Let’s go over a few of the basics when it comes to properly testing your pool’s water. There are two ways to test your pool water — at home or in-store.

At-Home Pool Water Testing

Leslie’s offers several options you can use at home, including test kits and test strips. Testing at home is easy, but there are a few things you need to know before getting started. Which type of test will work best for you? Let’s take a quick look at the pros and cons of each:

Liquid Test Kits


  • Most accurate type of water test. Liquid DPD reagents are the best for testing chlorine levels in your pool

  • Testing available for more diverse aspects of water chemistry

  • This method is used by pool professionals and health departments


  • Most expensive water test

  • Testing process can take longer and be more complicated than test strips

  • Reagent bottles must be held vertically to ensure uniform drop size, and drops must be counted as they’re slowly added

  • More prone to user-error

DIY TIP: Remember to never touch the reagent dropper tips, and always wash your hands after using water test reagents. Also make sure to never interchange reagent caps.


Test Strips


  • Fastest water test

  • Simple to use and read

  • Least expensive to purchase

  • Most popular option for pool owners wanting a quick, daily pool chemistry analysis


  • Fewer options for testing capabilities

  • Not as accurate or precise as a liquid test kit

  • Some results take just a few seconds to develop, and some take longer; for tests with multiple results on the same strip, it’s important to understand the timing so you don’t get inaccurate results

  • Hands must be completely dry when removing the strip from the container


General At-Home Testing Tips

It’s a good idea to always keep essential pool chemicals on hand so you can treat your pool as needed. These include a primary sanitizer to kill viruses and bacteria, a weekly shock to keep your sanitizer working effectively, and water balancers to manage pH, Total Alkalinity, and Calcium Hardness. Use the results of your water test and the size of your pool to determine proper dosage according to the product label. Here are 10 helpful tips to get the most accurate testing results:

  1. Always follow the instructions that are included with the test kit or test strips.

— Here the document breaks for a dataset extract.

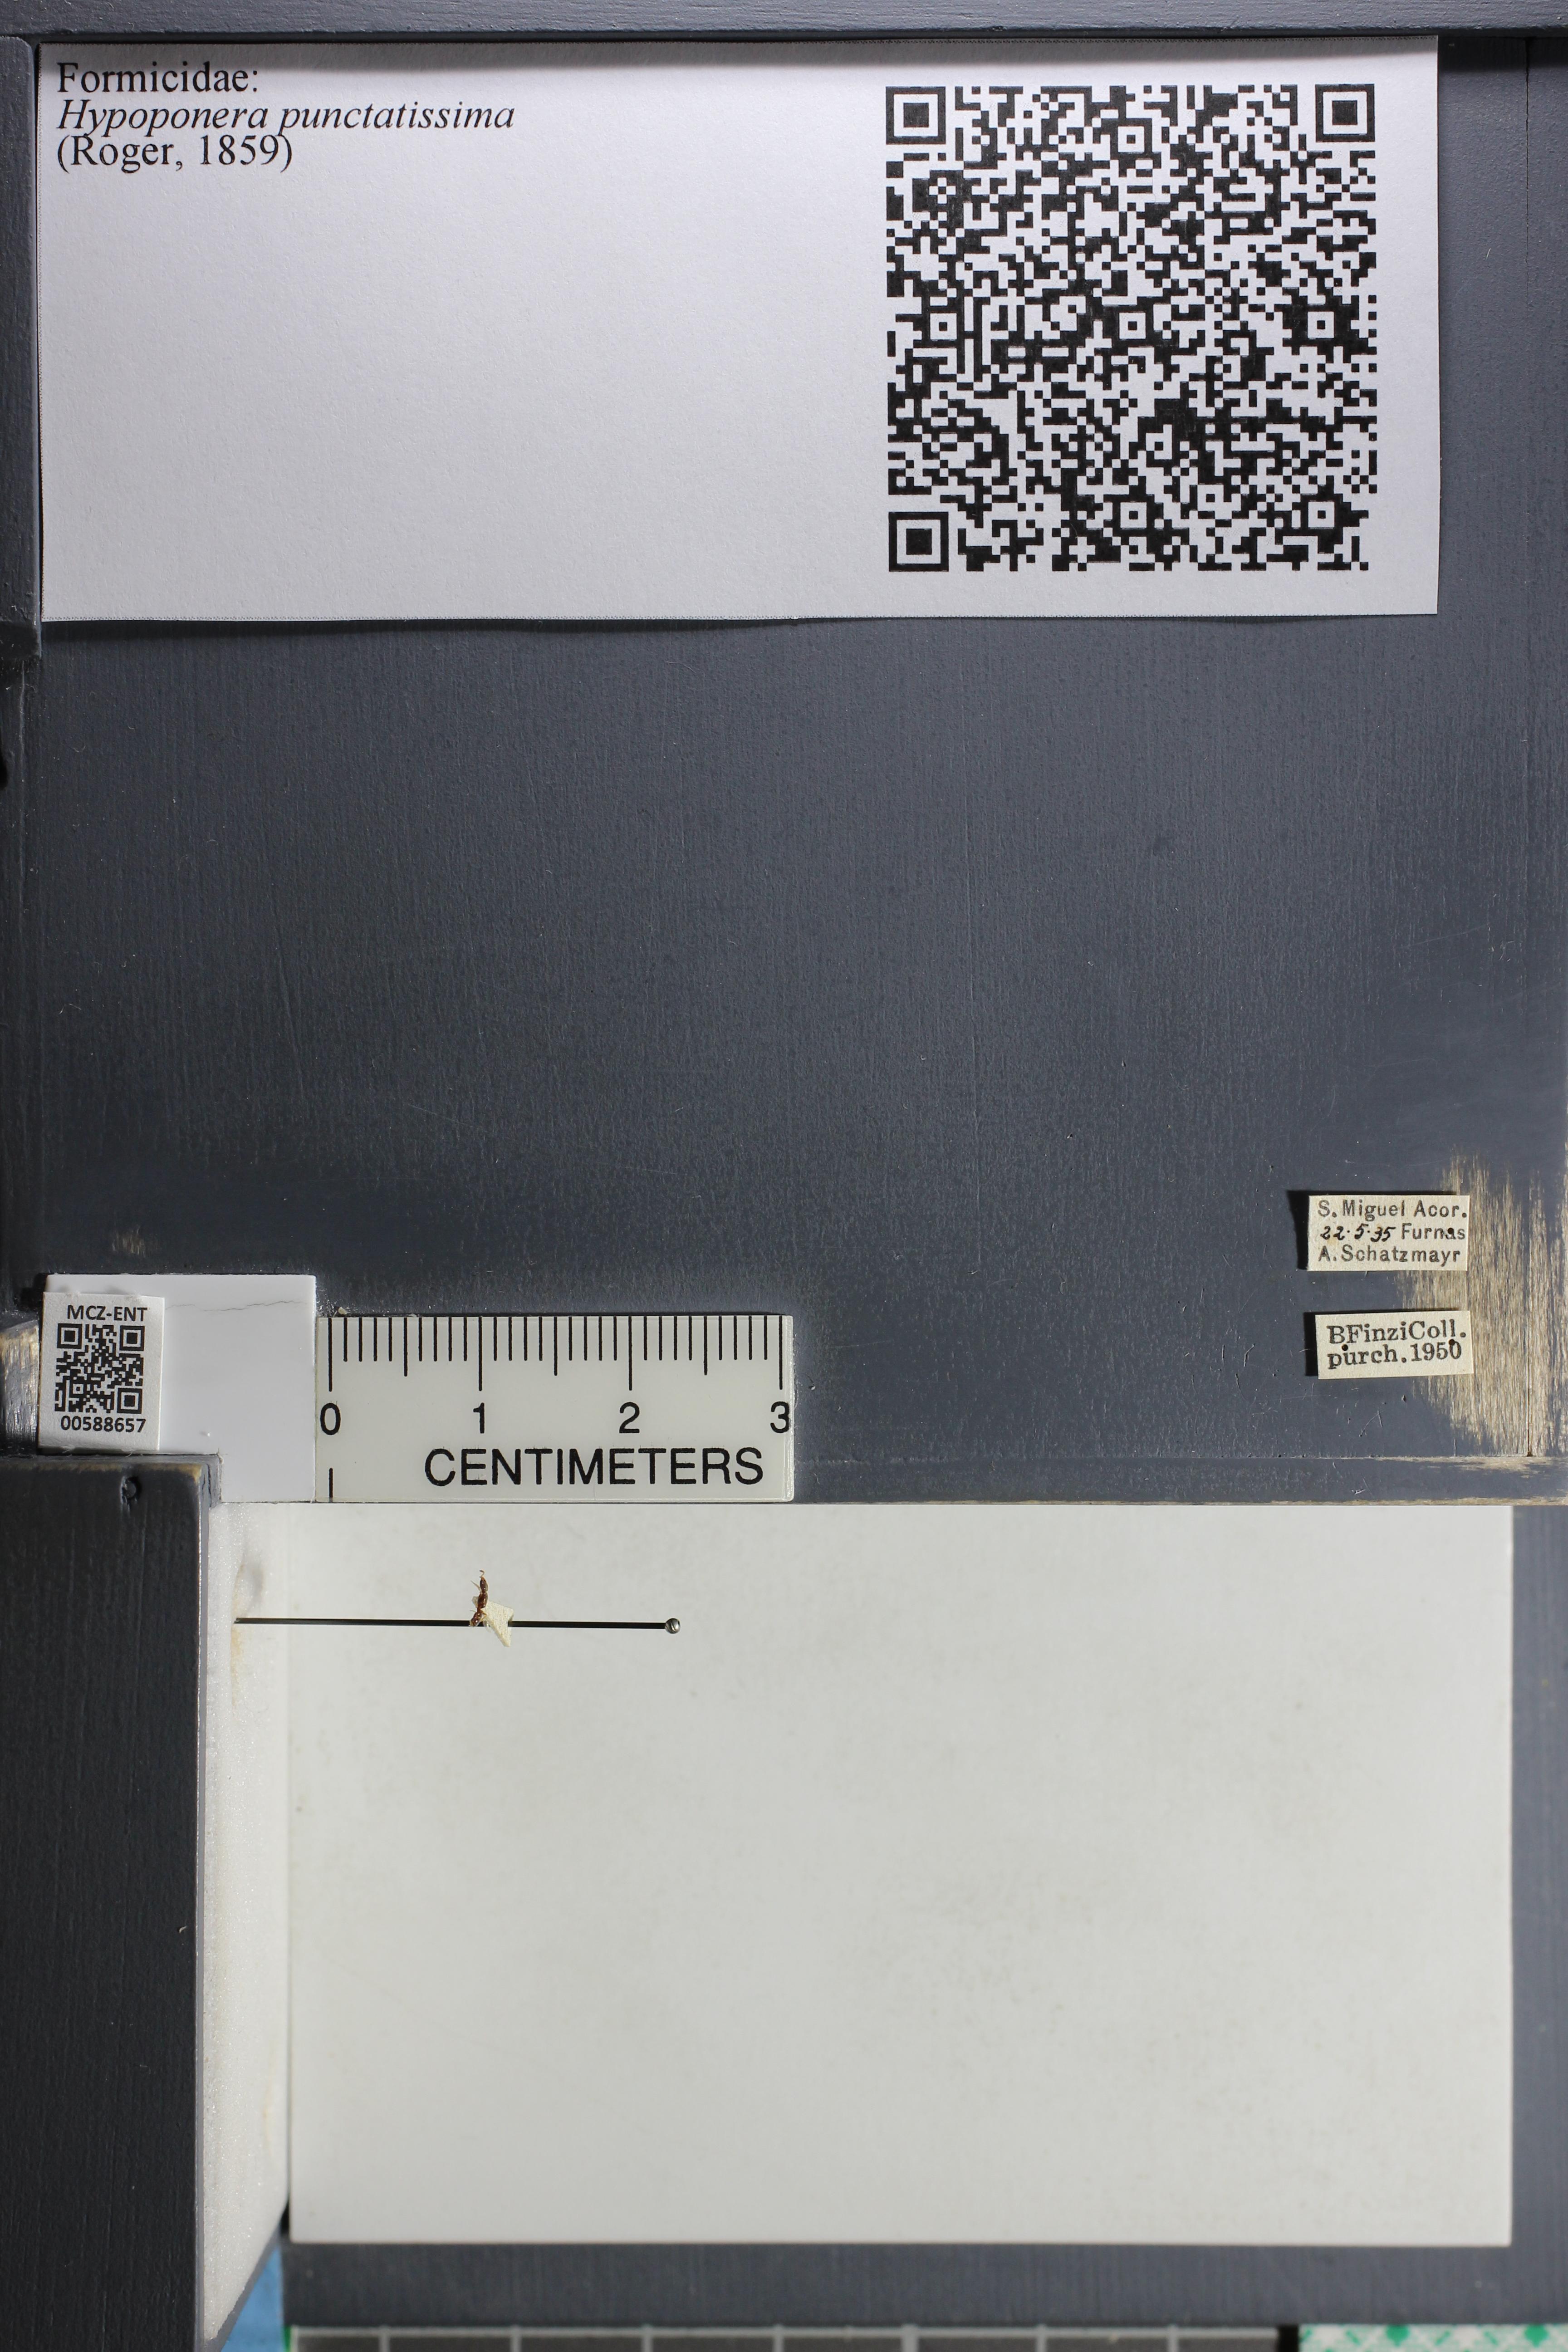 Media of type image, shows cataloged_item. MCZ:Ent:588657 Identified as Hypoponera punctatissima.

  2. Typical water tests include measurements for Free and Total Available Chlorine, pH, Total Alkalinity, Calcium Hardness, and Cyanuric Acid. If your pool has a salt system, the salt level should also be checked.

  3. For test kits, take your water sample from 12 to 18 inches below the surface after the circulation system has been on for an hour. A good rule of thumb is to take your water sample from about elbow deep in the pool water, away from the return fittings. For test strips, dip the strip per the label directions.

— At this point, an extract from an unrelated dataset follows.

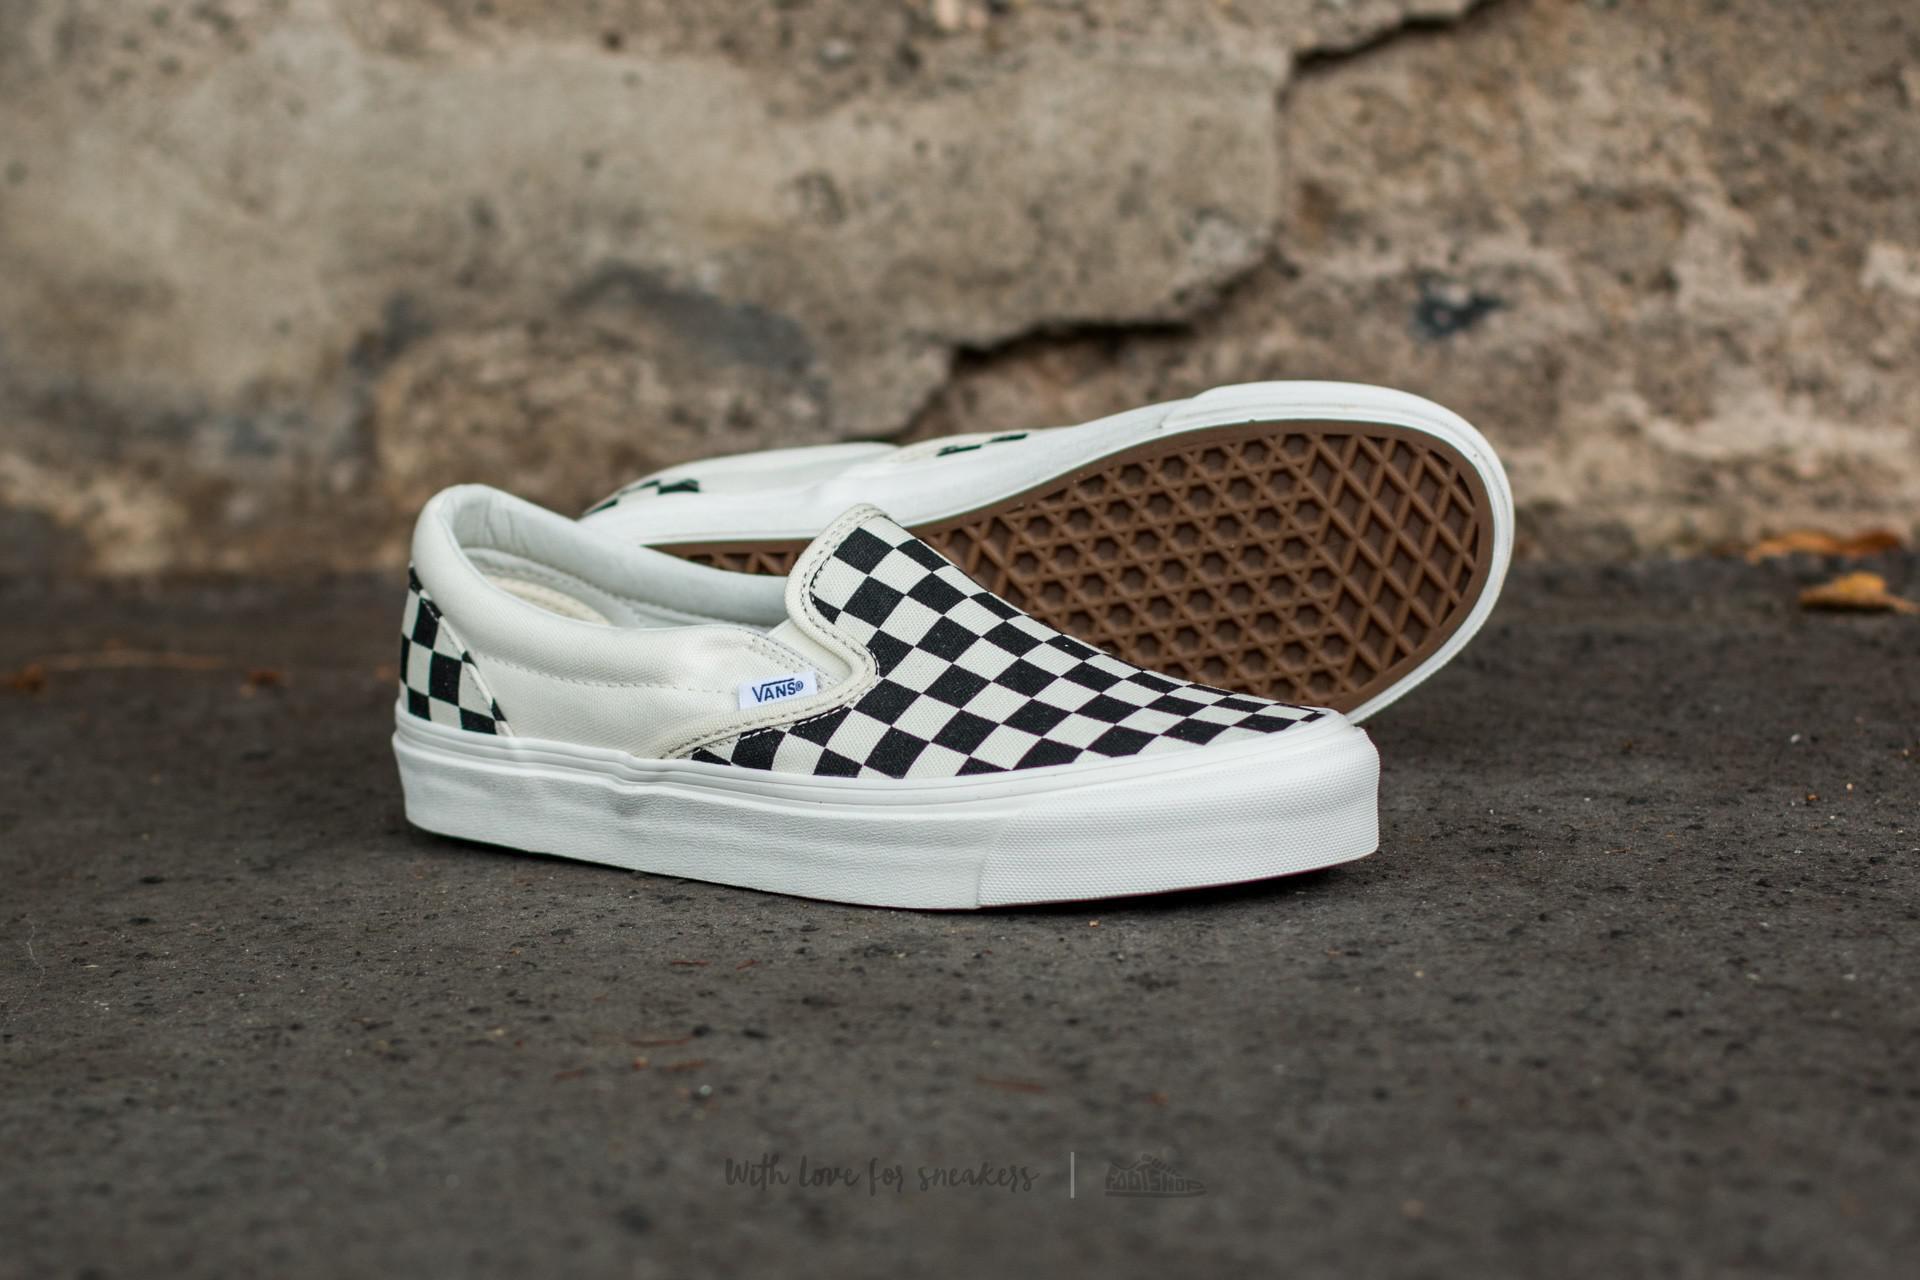 Vans - Multicolor Og Classic Slip On Lx (canvas) Black  White Checkerboard  for. View fullscreen d283f25df

  4. Ideal testing ranges are as follows:

    • Free Available Chlorine: 2.0-4.0 ppm

    • pH: 7.4-7.6

    • Total Alkalinity: 80-120 ppm

    • Calcium Hardness: 200-400 ppm

    • Cyanuric Acid: 30-50 ppm

  5. High chlorine levels can skew other readings, such as pH and Total Alkalinity. If high levels of chlorine are present, a chlorine neutralizer can be added to the pool water. Some kits don’t recommend testing the pH and Total Alkalinity if the chlorine reading is 5.0 parts per million (ppm) or higher.

  6. It can take a moment for some testing reactions to occur. Familiarize yourself with the instructions before using any type of water test.

  7. Store all test materials in a cool, dark area, and check them for accuracy on a yearly basis. Expired testing materials can cause inaccurate readings.

  8. Water tests should always be completed before adding any chemicals.

  9. After adding chemicals, it’s important to let the water circulate completely before testing your water again. This process usually takes about 4-8 hours for most pools, but is the timing is dependent on the pump size, run time, and pool size. Always follow the product label directions to ensure adequate product circulation.

  10. Even if you test at home on a regular basis, we recommend taking a water sample to your local pool store at least once per month to ensure all aspects of your water are in their proper ranges.